An exact copy of all the data, minus the images, is required.

(Data segment Opens)

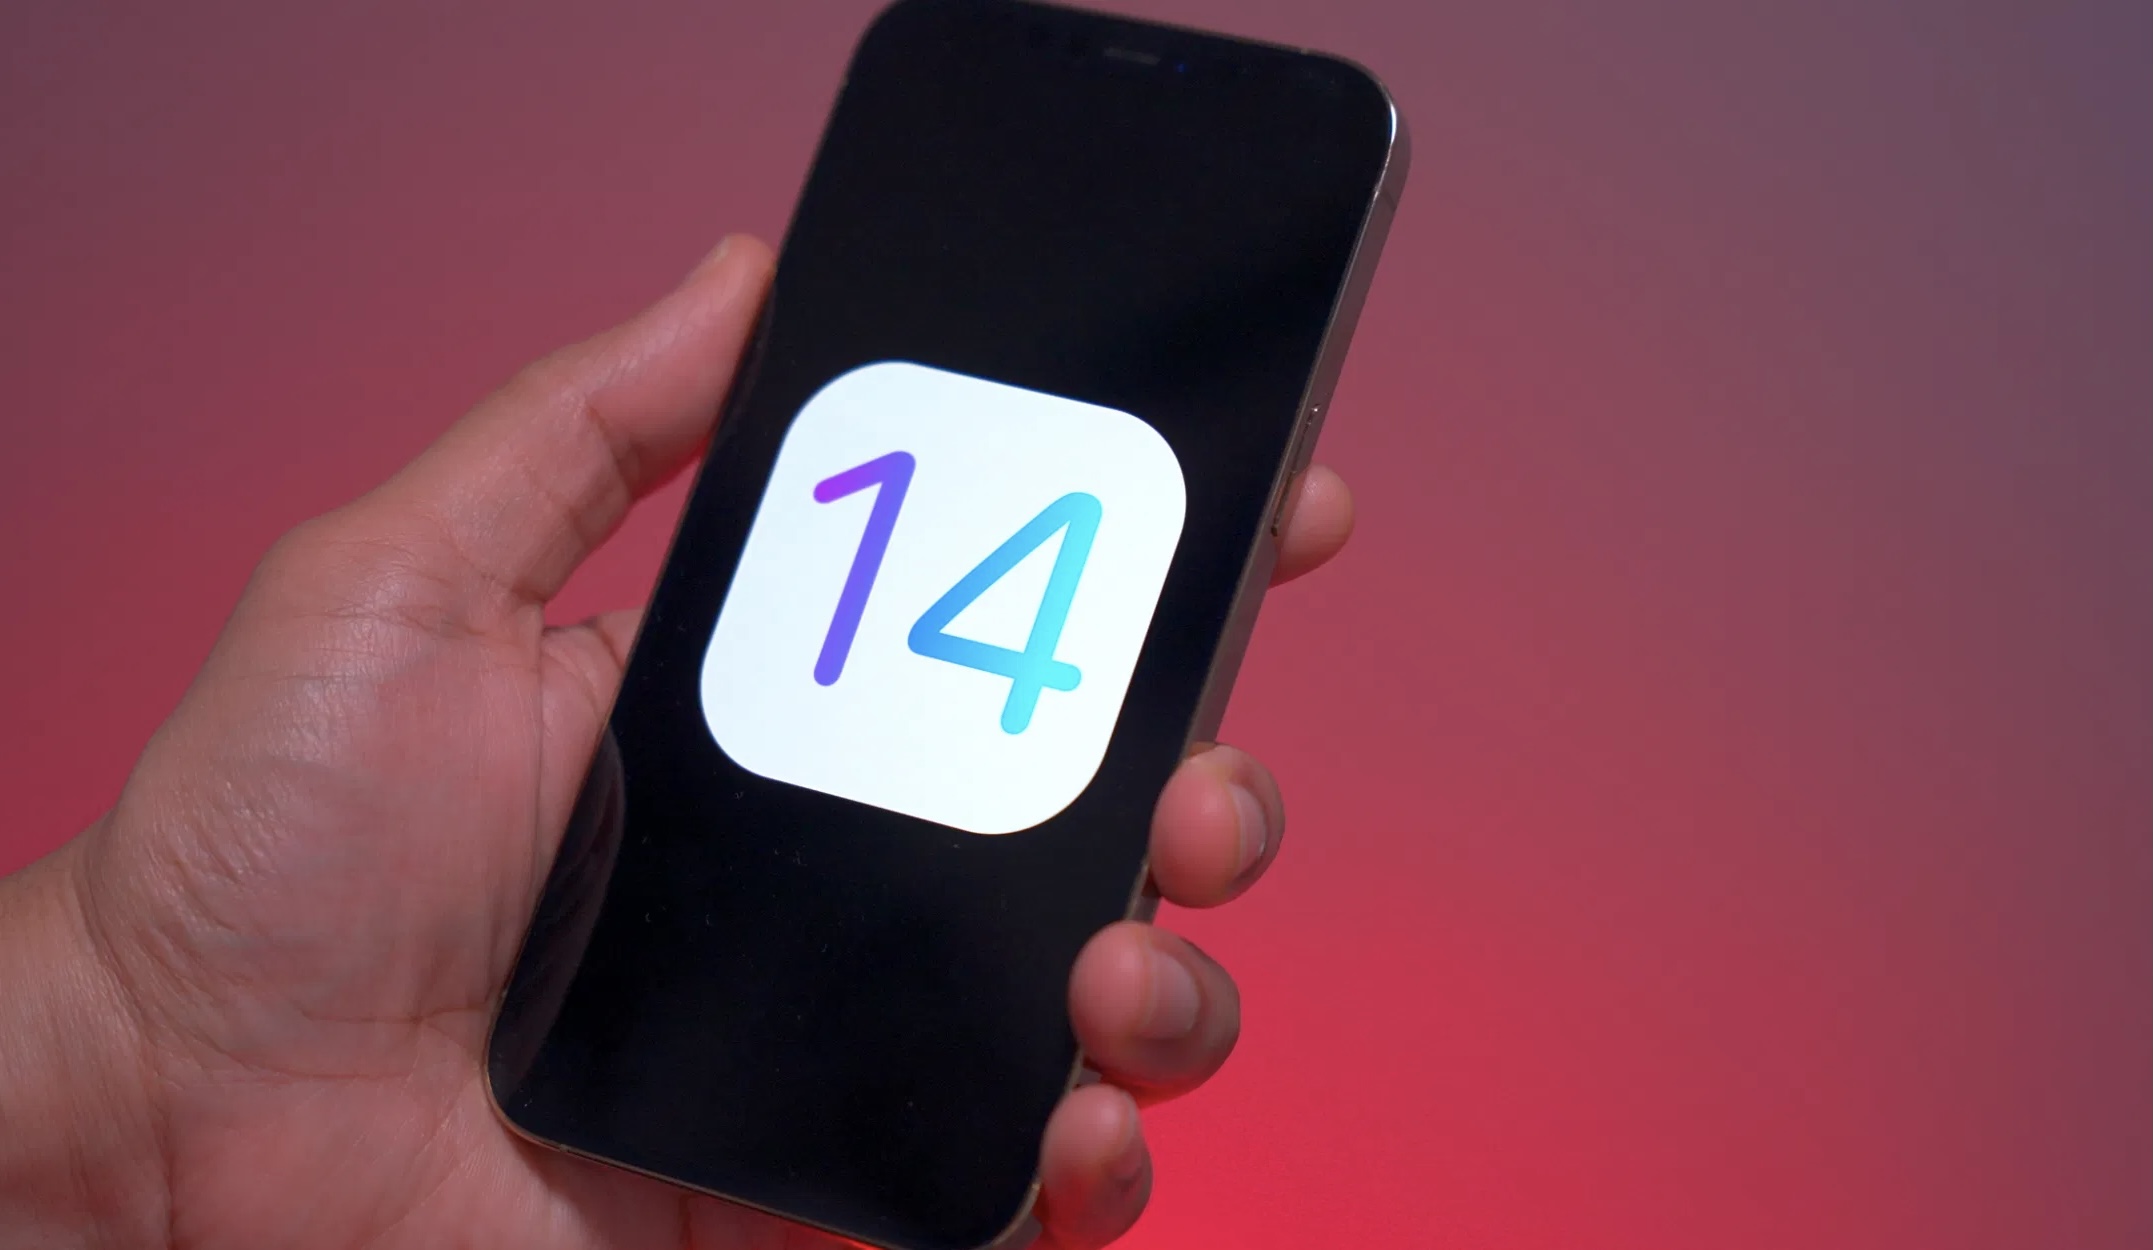 Вышла iOS 14.6 beta 1 для разработчиков. Что нового
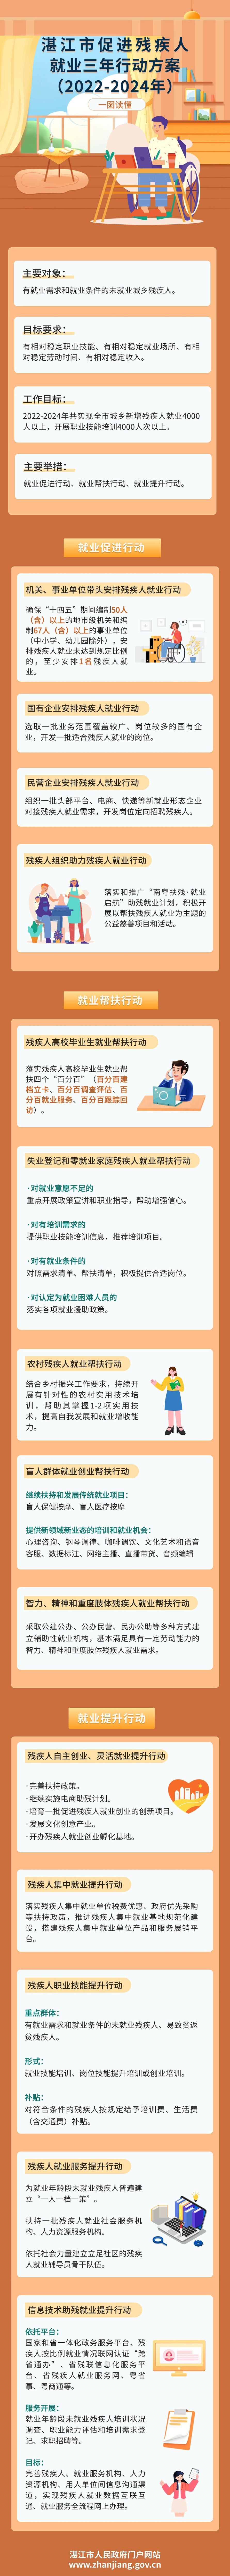 湛江市促进残疾人就业三年行动方案.jpg
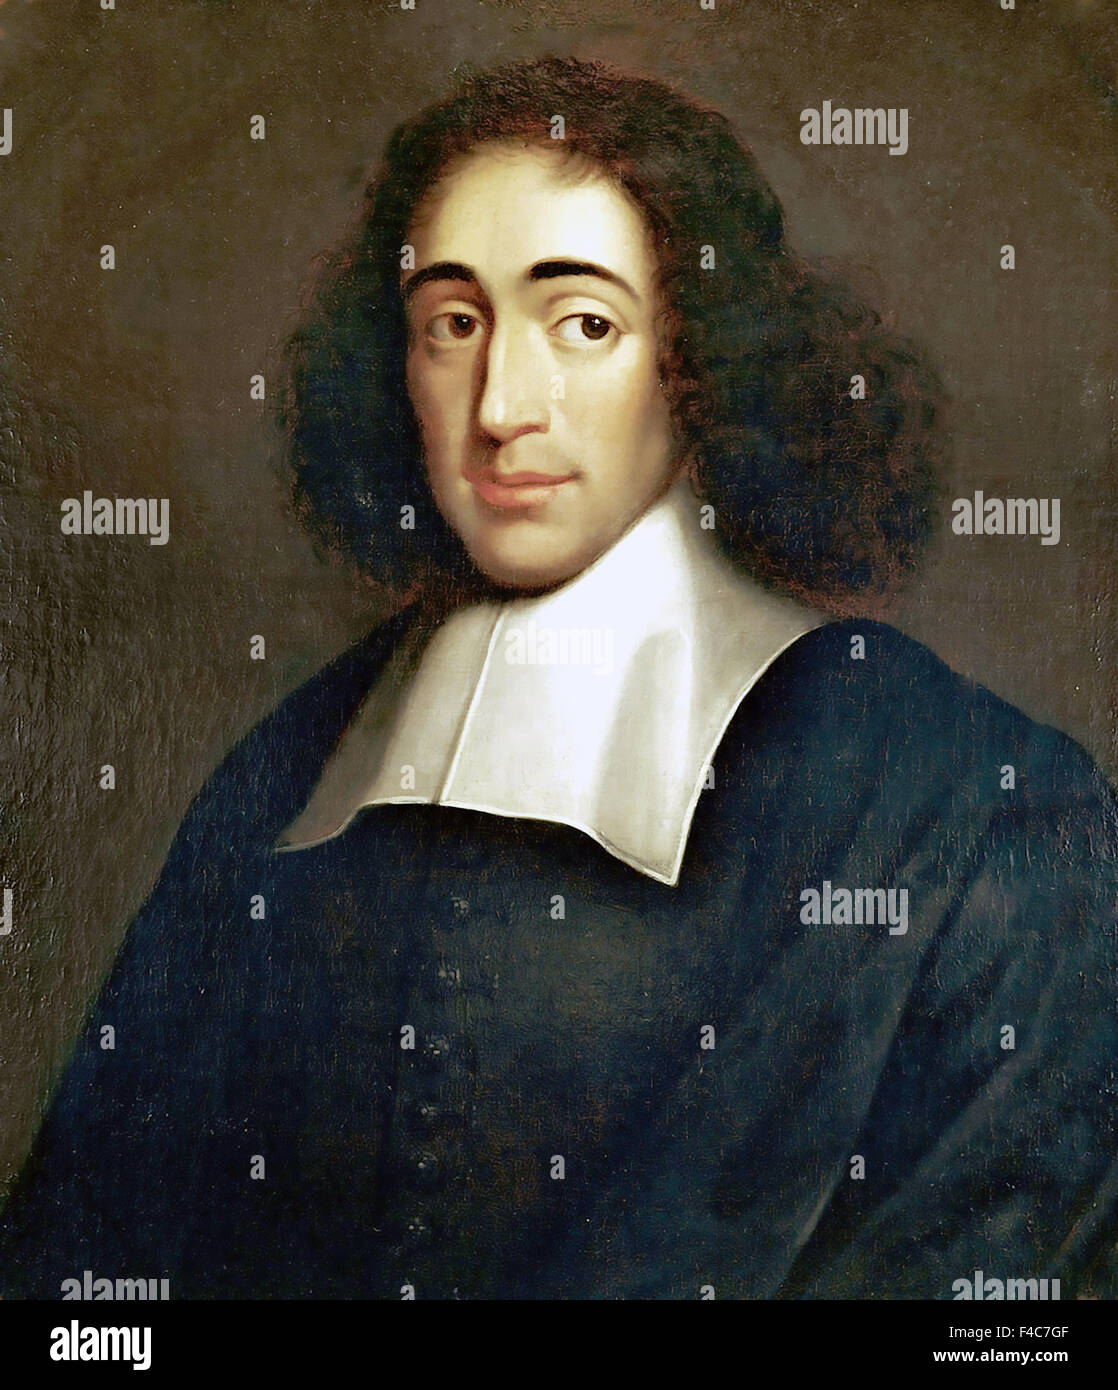 BARUCH SPINOZA (1632-1677) Dutch philosopher. Artist unknown. Stock Photo

(Data segment Closes)

Result —
 Вышла iOS 14.6 beta 1 для разработчиков. Что нового
 湛江市促进残疾人就业三年行动方案.jpg
 BARUCH SPINOZA (1632-1677) Dutch philosopher. Artist unknown. Stock Photo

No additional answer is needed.